Ma ecco le ampie arcate dei magazzini dello scalo trasformate in eleganti sale, ornate di arazzi, di verzure e di bandiere tricolori; ecco imbandito uno splendido simposio, a cui siedono i ministri, le autorità e le persone più ragguardevoli del paese e della provincia, deputati e senatori, e gli scrittori de' giornali torinesi; e i fratelli Carlo e Giorgio Henfrey, che impresero a disegnare e condurre con solerzia ed amore la via ferrata, ed ora, colà, quasi in propria casa ospitalmente la festeggiano; e perchè al convito non manchi il sorriso delle grazie, vi ammiri le colte e leggiadre consorti degli ospiti gentili, rose pellegrine d'Albione, rimbellite sotto il cielo d'Italia.

Fra squisite vivande e vini generosi il signor Carlo Henfrey dice brevi ed acconce parole: indi sorge a parlare l'egregio intendente barone Tholosano, e in nome dei cittadini ringrazia l'eletta comitiva accorsa ad onorare nella via ferrata un'era novella di prosperità alla provincia di Susa.

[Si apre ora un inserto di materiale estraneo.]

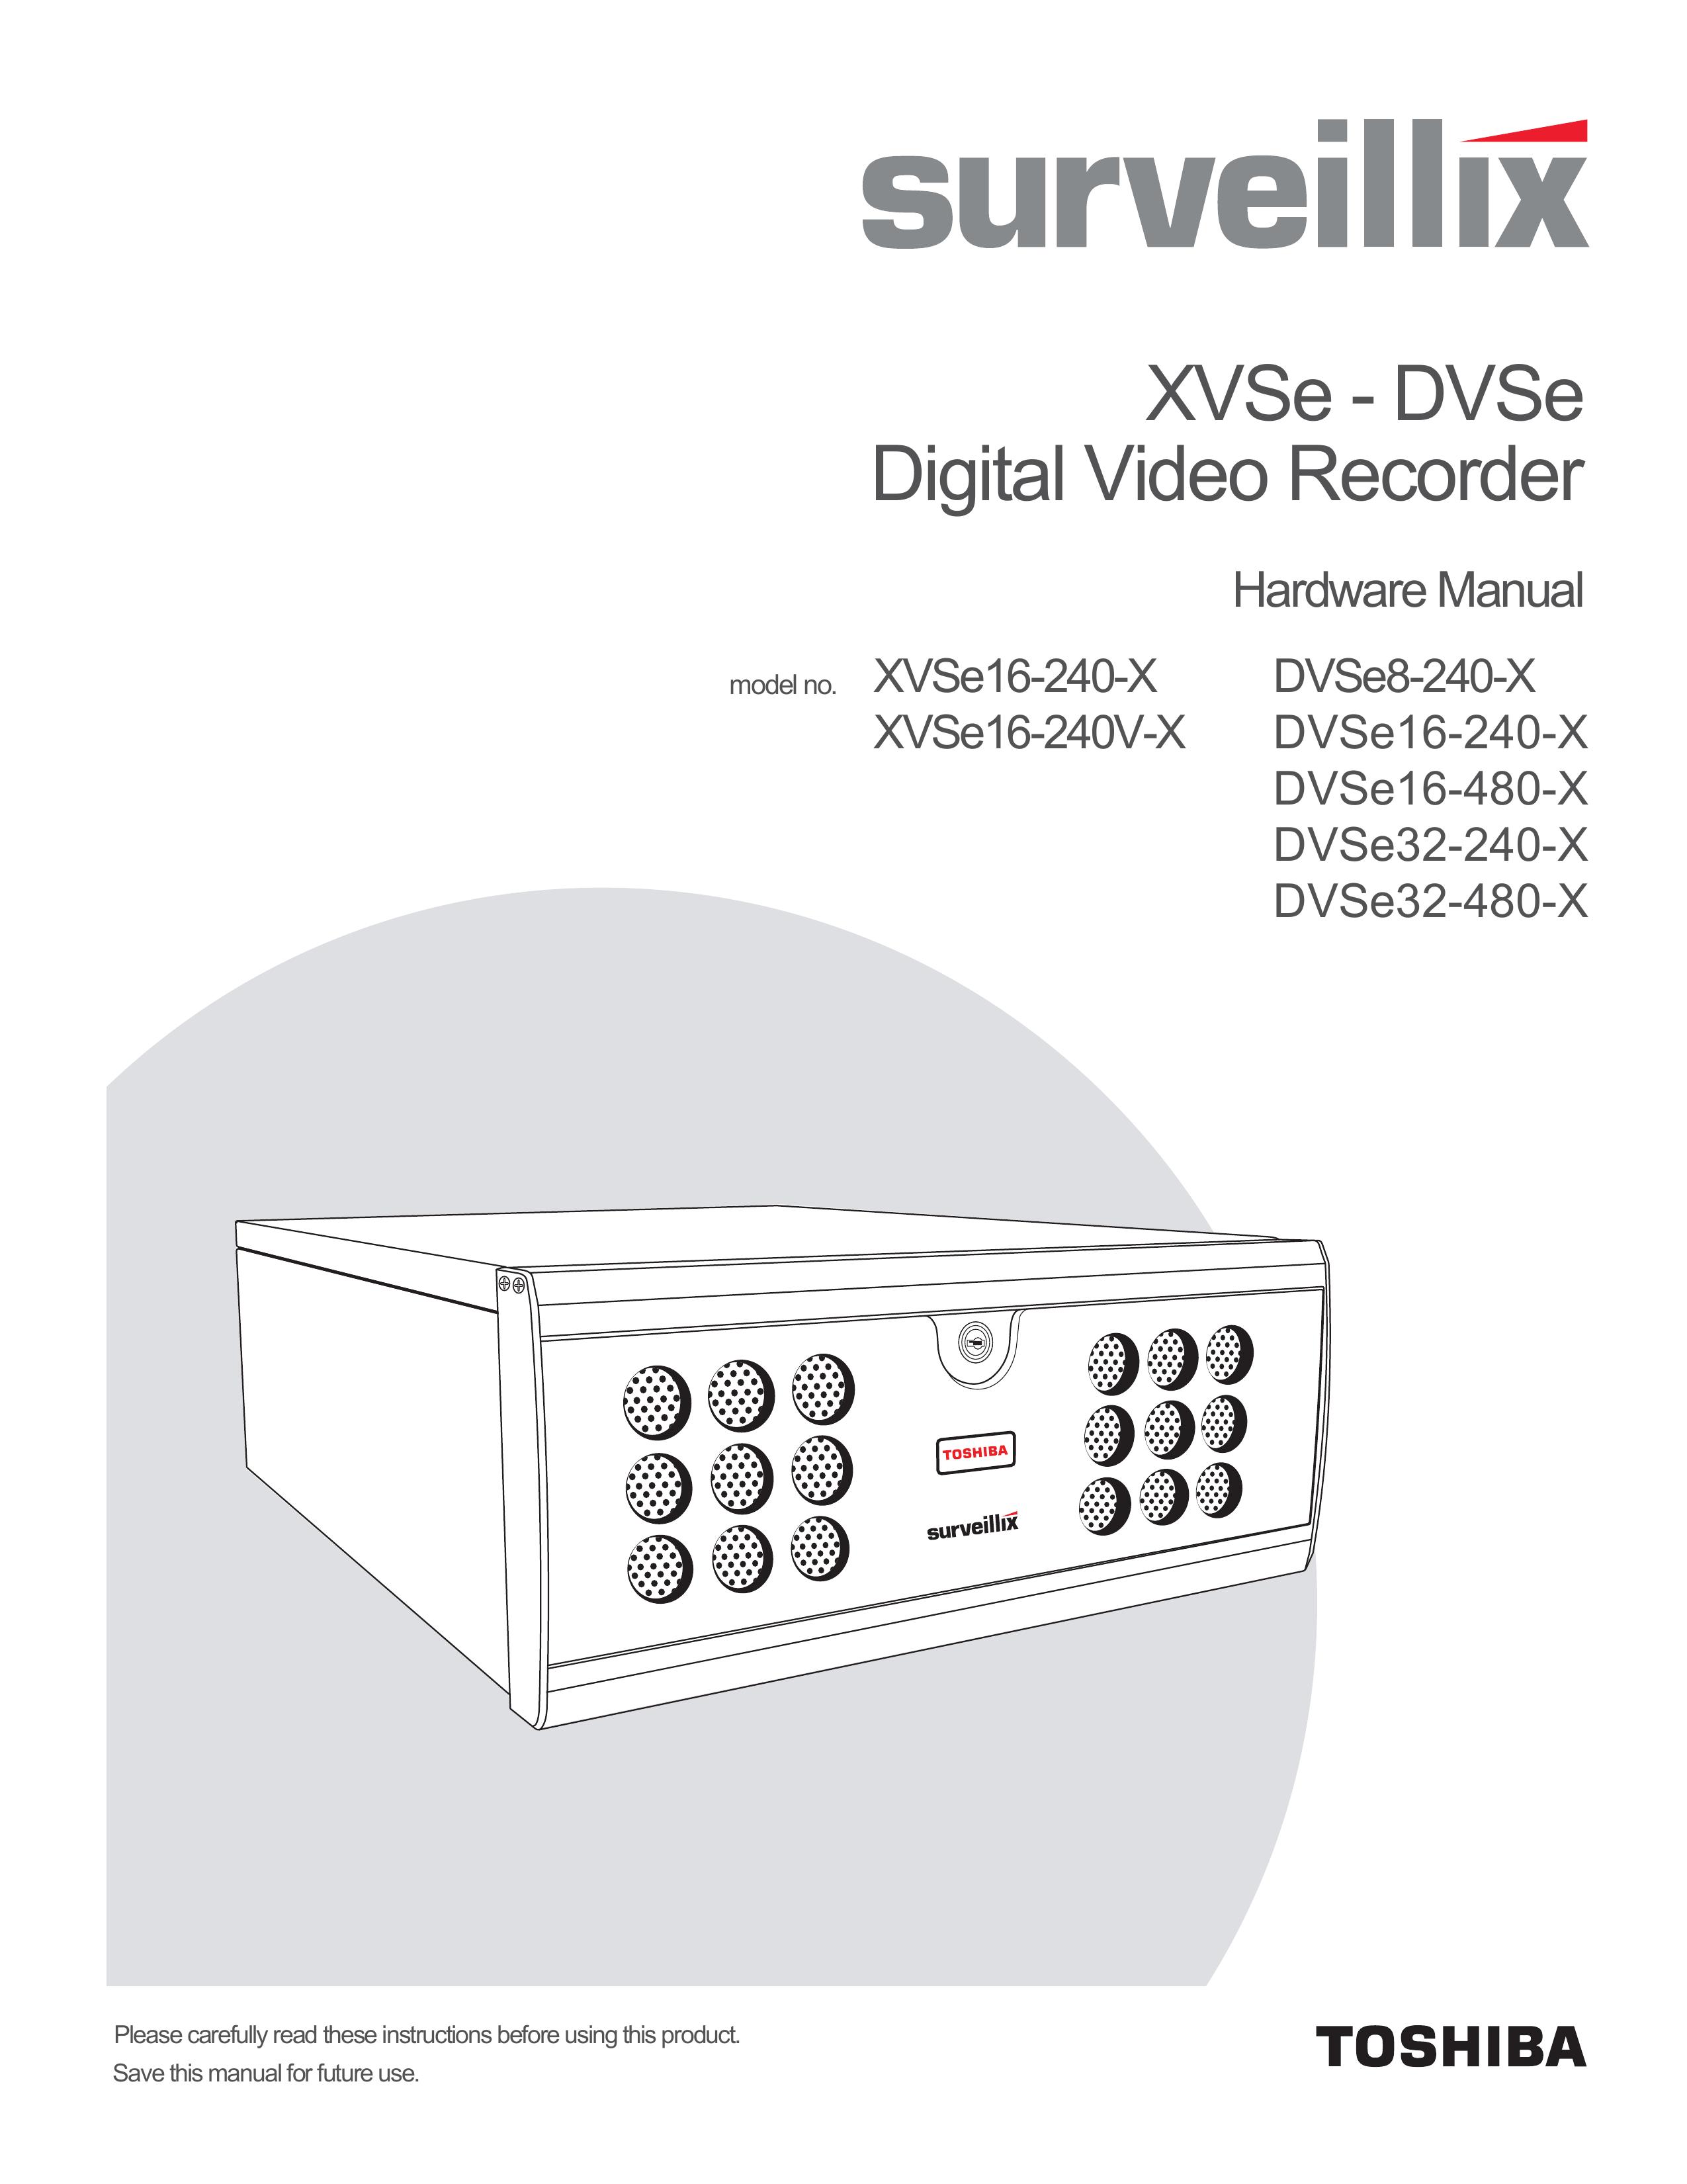 Toshiba DVSe32-480-X Digital Photo Keychain User Manual
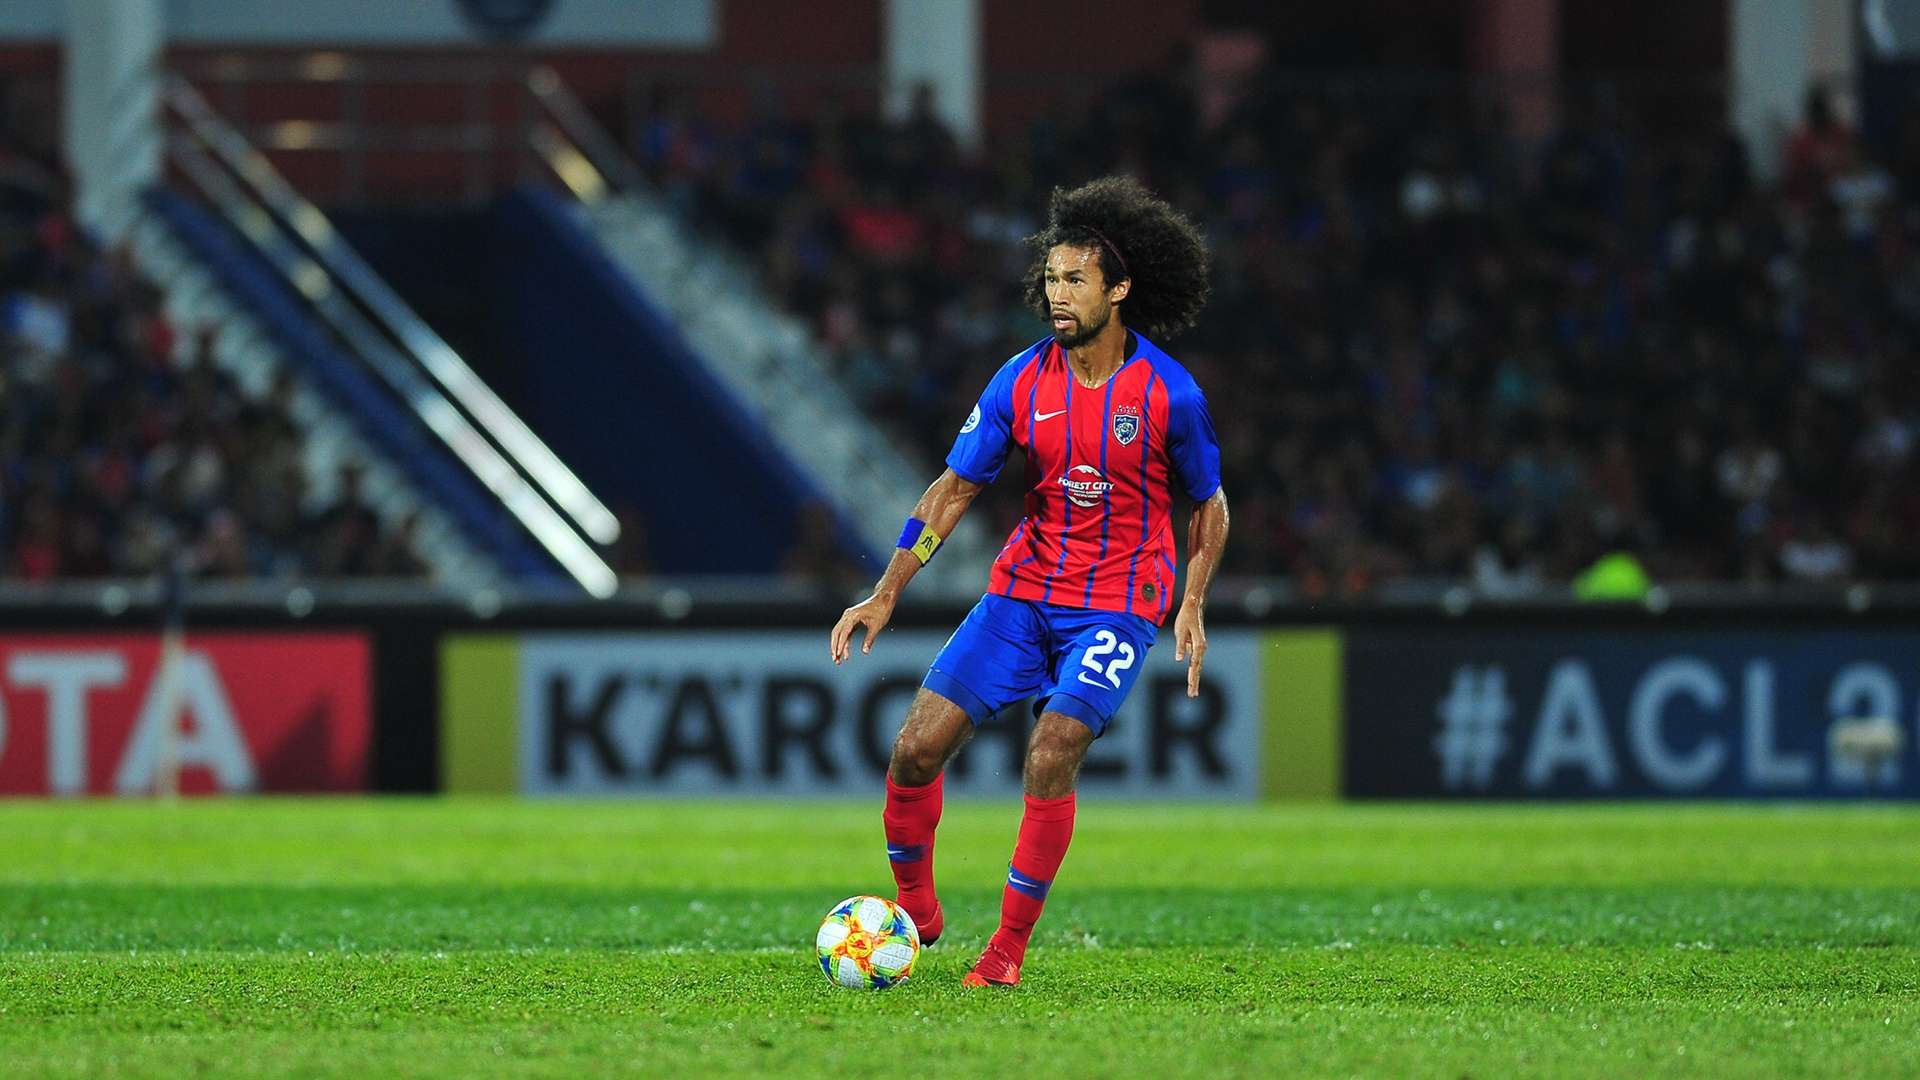 La'Vere Corbin-Ong, Johor Darul Ta'zim v Gyeongnam, AFC Champions League

L'arco di Cesare Ottaviano - la disfatta Brunetta - e la strada ferrata, sono i tre monumenti di cui prende a discorrere e nota con savio accorgimento:

«Se il primo di questi monumenti ci ricorda le glorie della conquista romana, il secondo ci fa amaramente risovvenire della gallica riscossa nel passato secolo; e comechè siano gloriosi i nomi di Ottaviano Augusto e di Napoleone I, non potranno col rimbombo della loro fama far tacere i lamenti e le imprecazioni dei popoli percossi e delle desolate provincie: inevitabili conseguenze di ogni guerresca impresa, che non conduca a vera libertà.

«Il terzo monumento ricorderà pure un nome augusto; ma questo sonerà benedetto fra le genti per mantenute franchigie, per agevolate comunicazioni e prosperati commerci.

«Ruderi e rovine ci rimangono delle passate conquiste: arditi porti, appianate vette e traforati monti testimonieranno ai posteri come dirittamente venisse acclamato padre civile delle sue genti Colui, sotto i cui augusti auspìzi, con liberali instituzioni compievansi opere così utili e stupende».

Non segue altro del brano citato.